═══ Dataset content

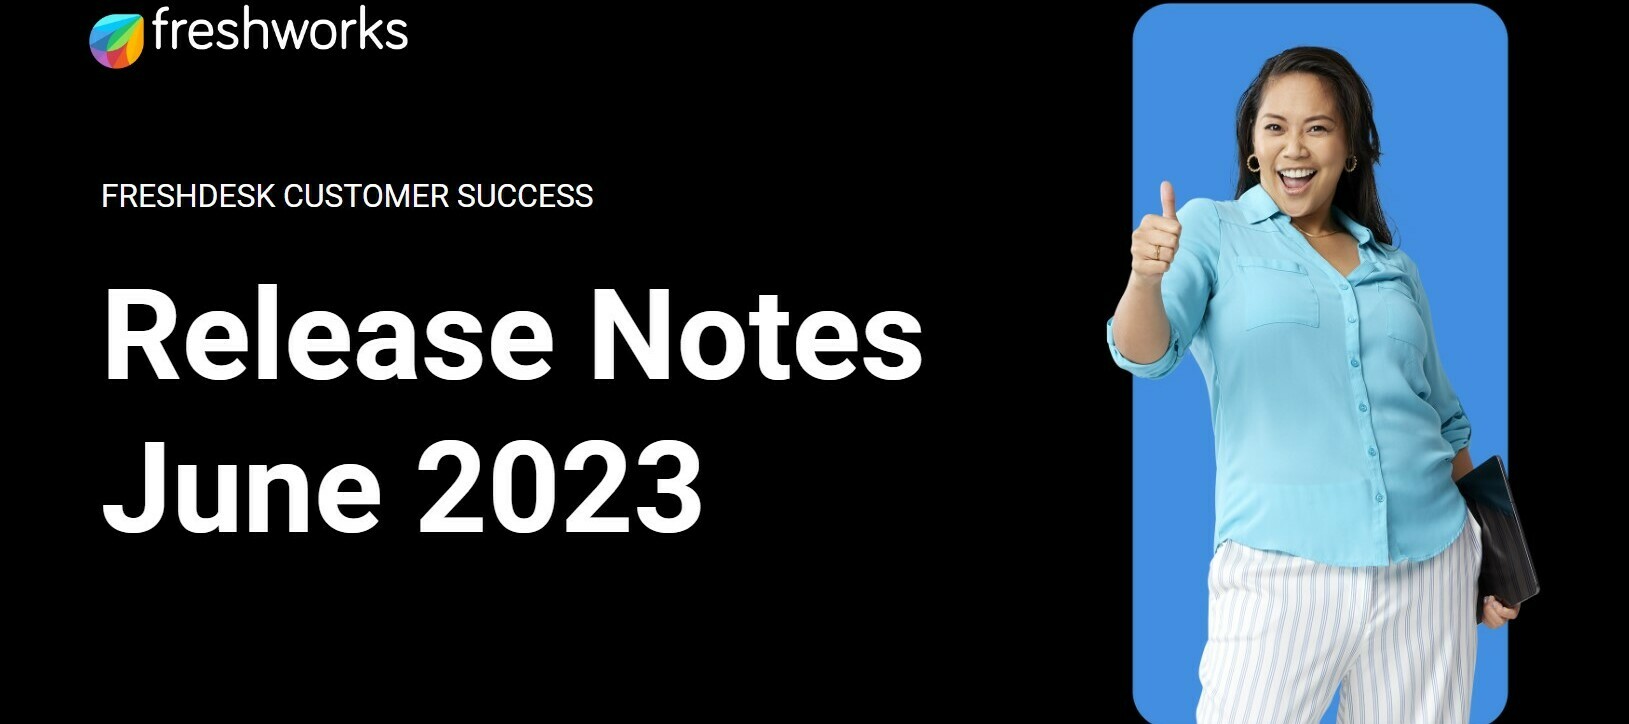 Freshdesk Customer Success Release Notes - June 2023
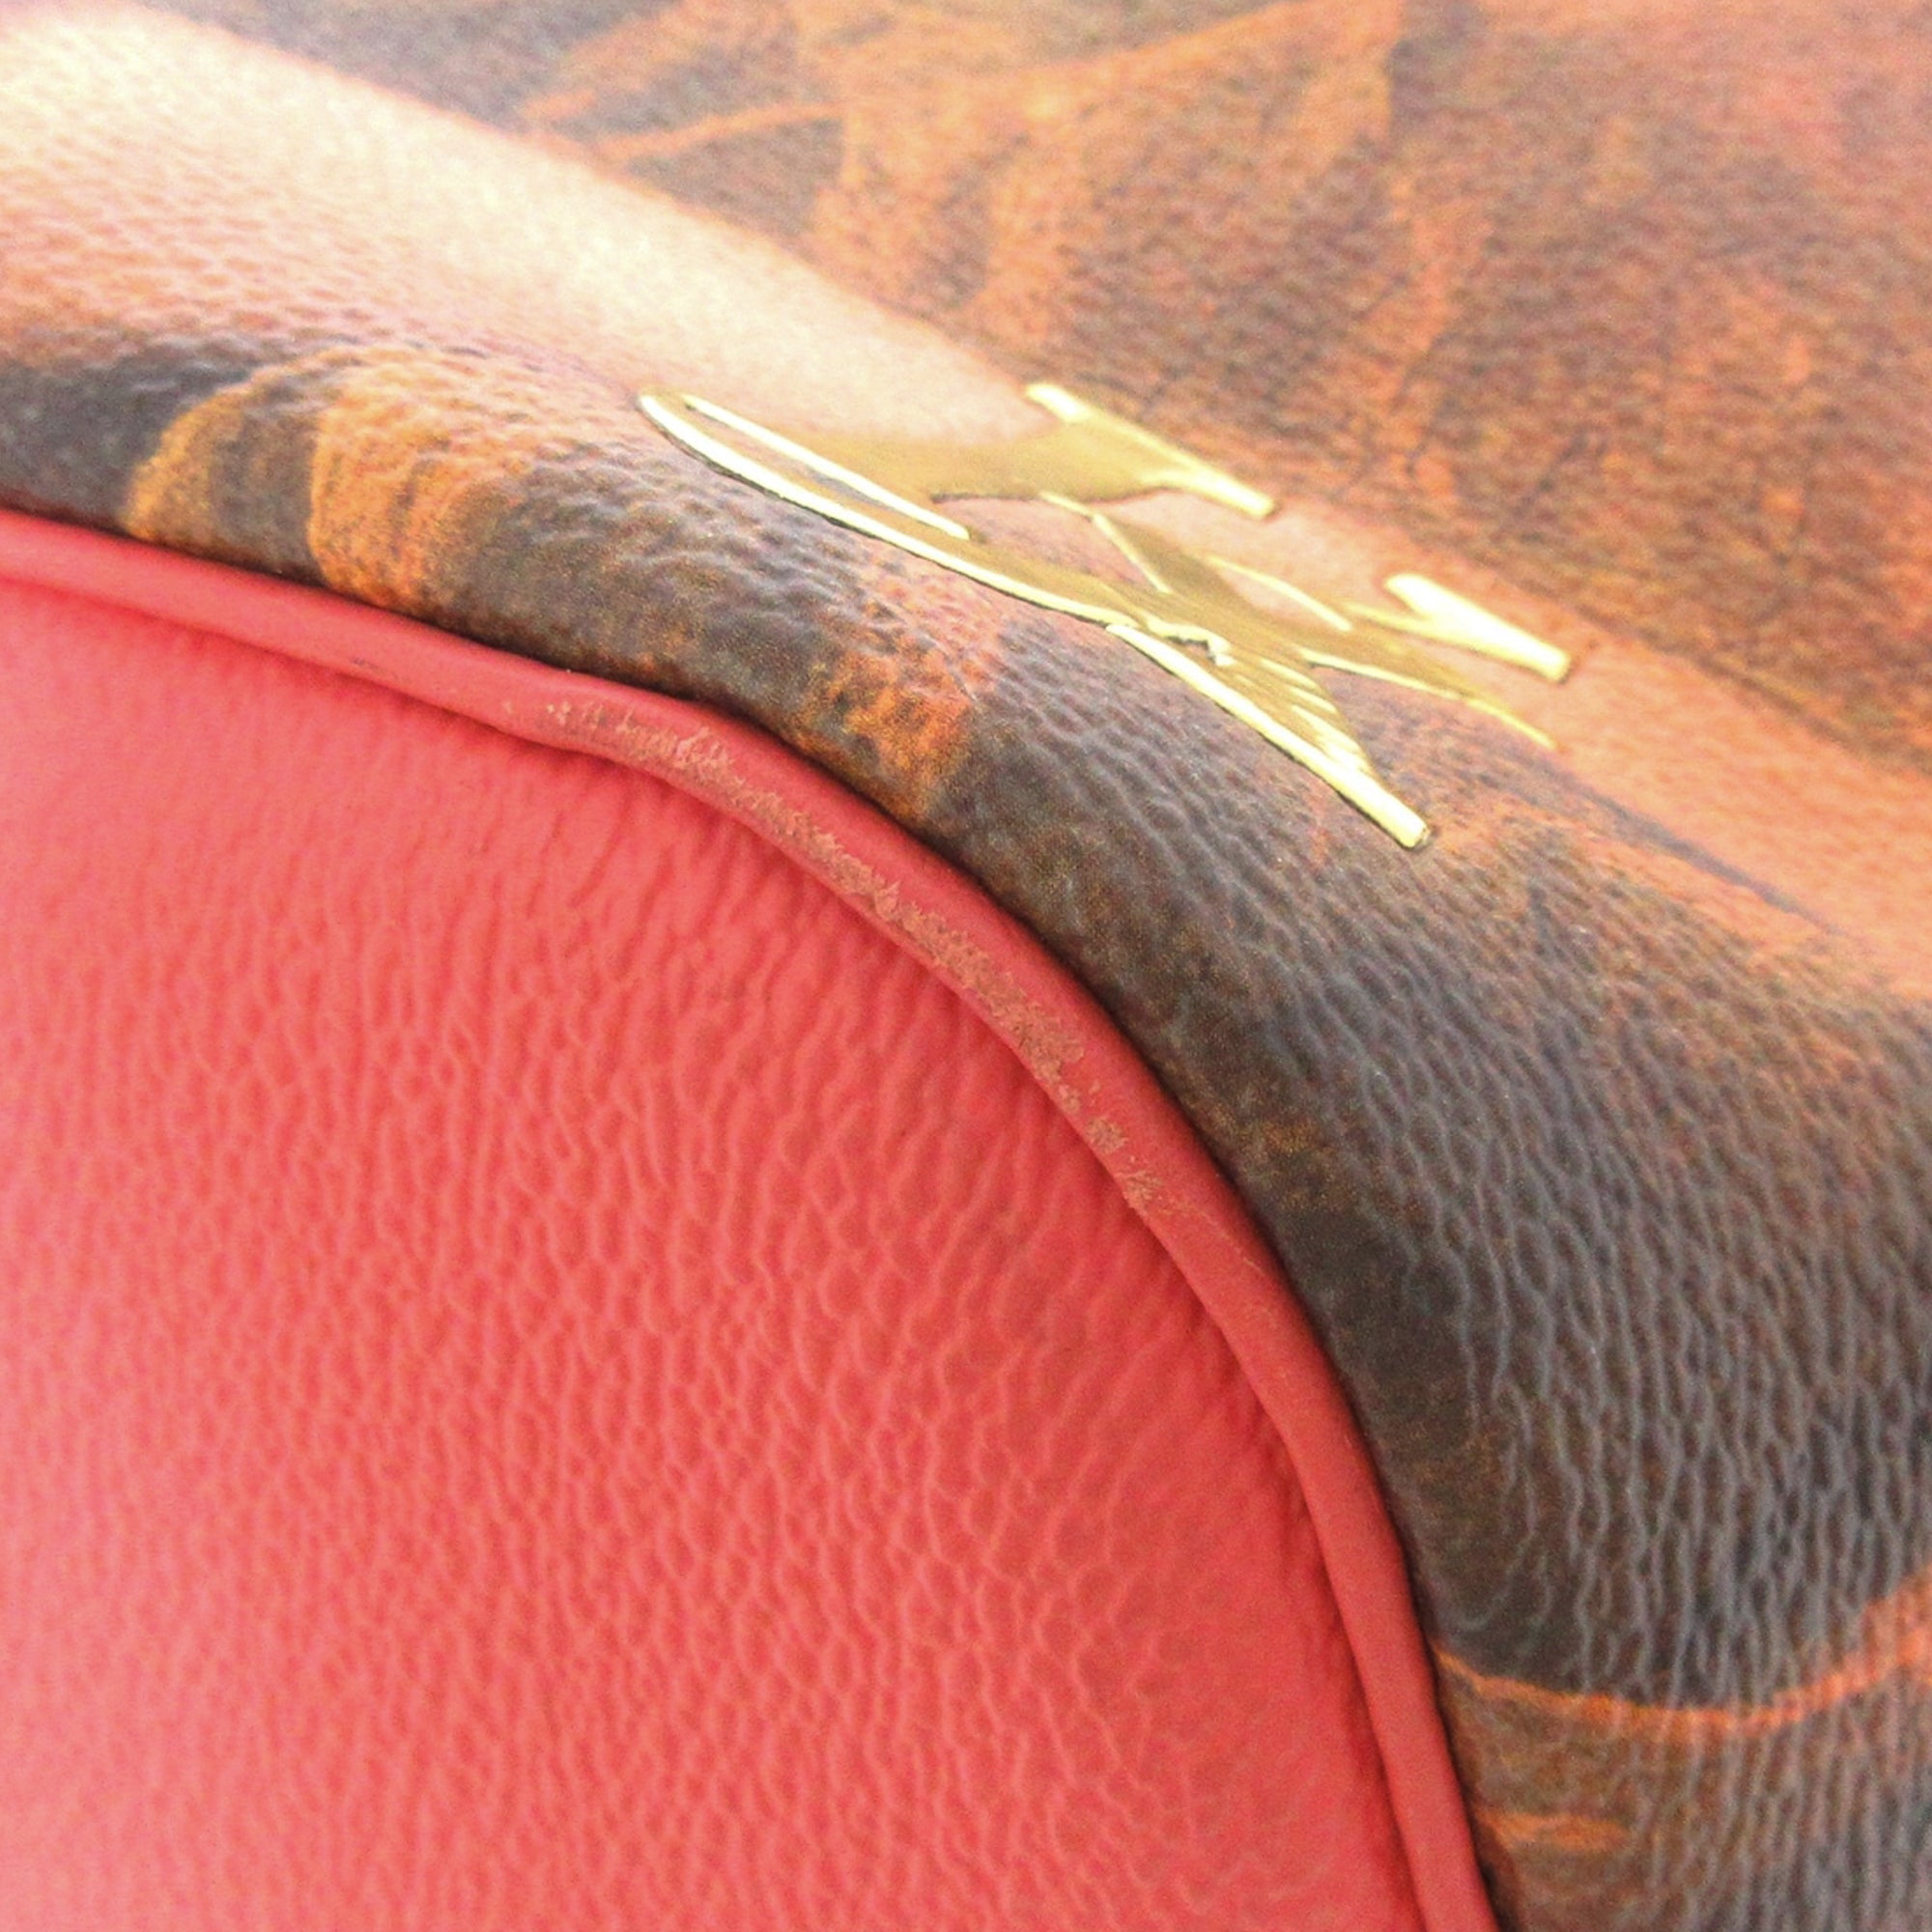 Louis Vuitton Limited Edition Coated Canvas Jeff Koons Fragonard Neverfull  MM Bag - Yoogi's Closet
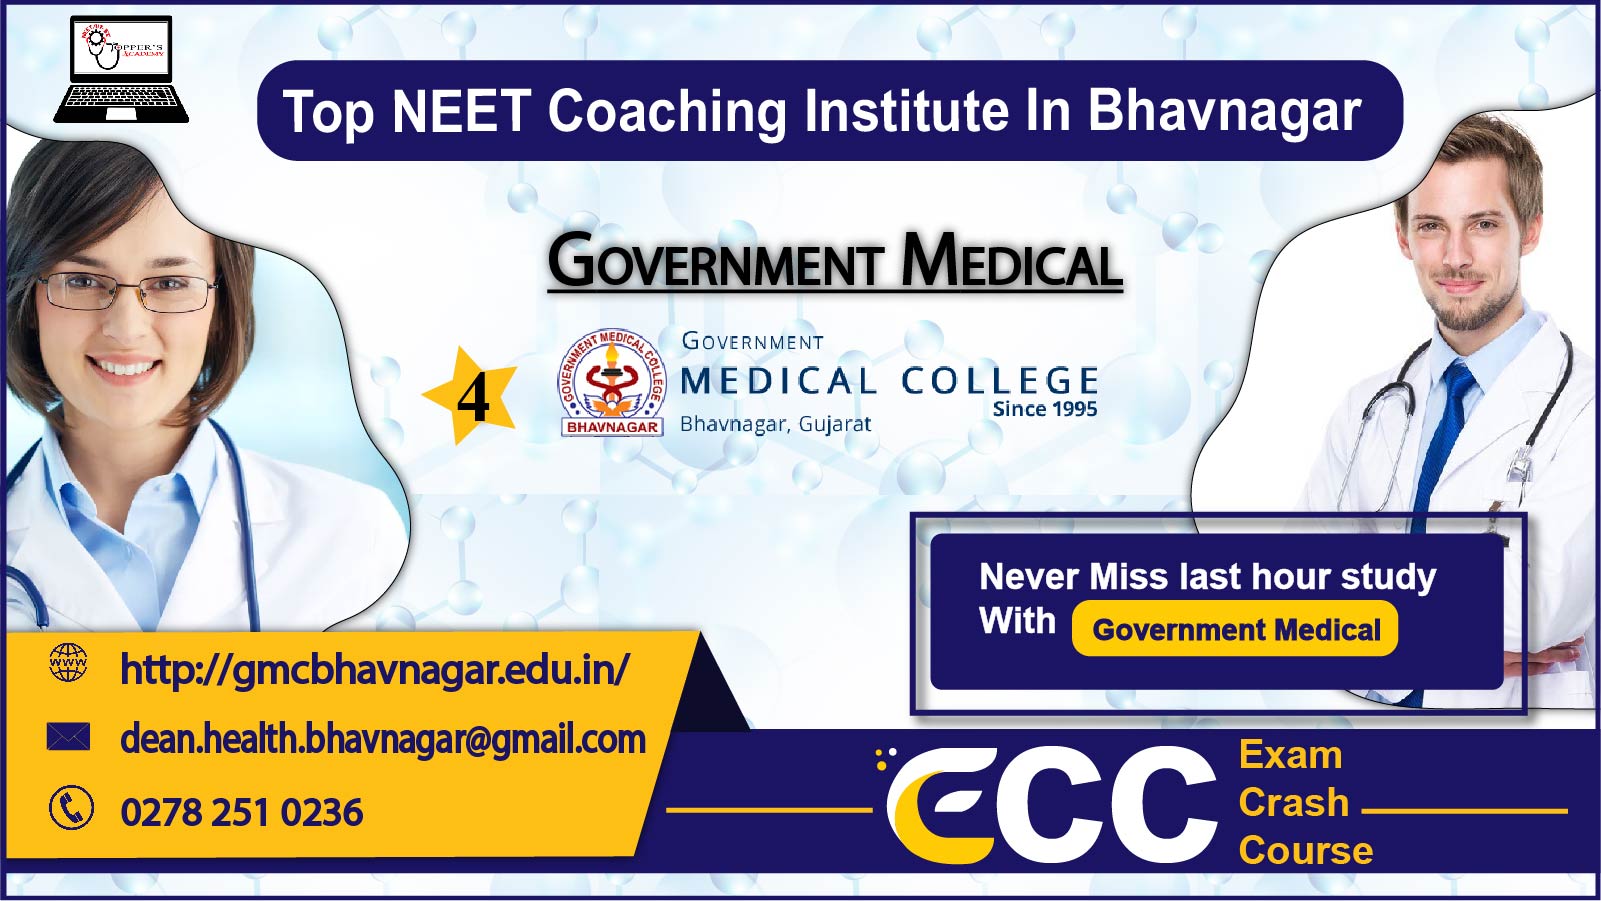 Government Medical College in Bhavnagar

══════

Work to be completed. The expected output is every line of the data, unchanged, with the pictures skipped.

Expected answer.
 Freshdesk Customer Success Release Notes - June 2023
 Louis Vuitton Limited Edition Coated Canvas Jeff Koons Fragonard Neverfull  MM Bag - Yoogi's Closet
 Government Medical College in Bhavnagar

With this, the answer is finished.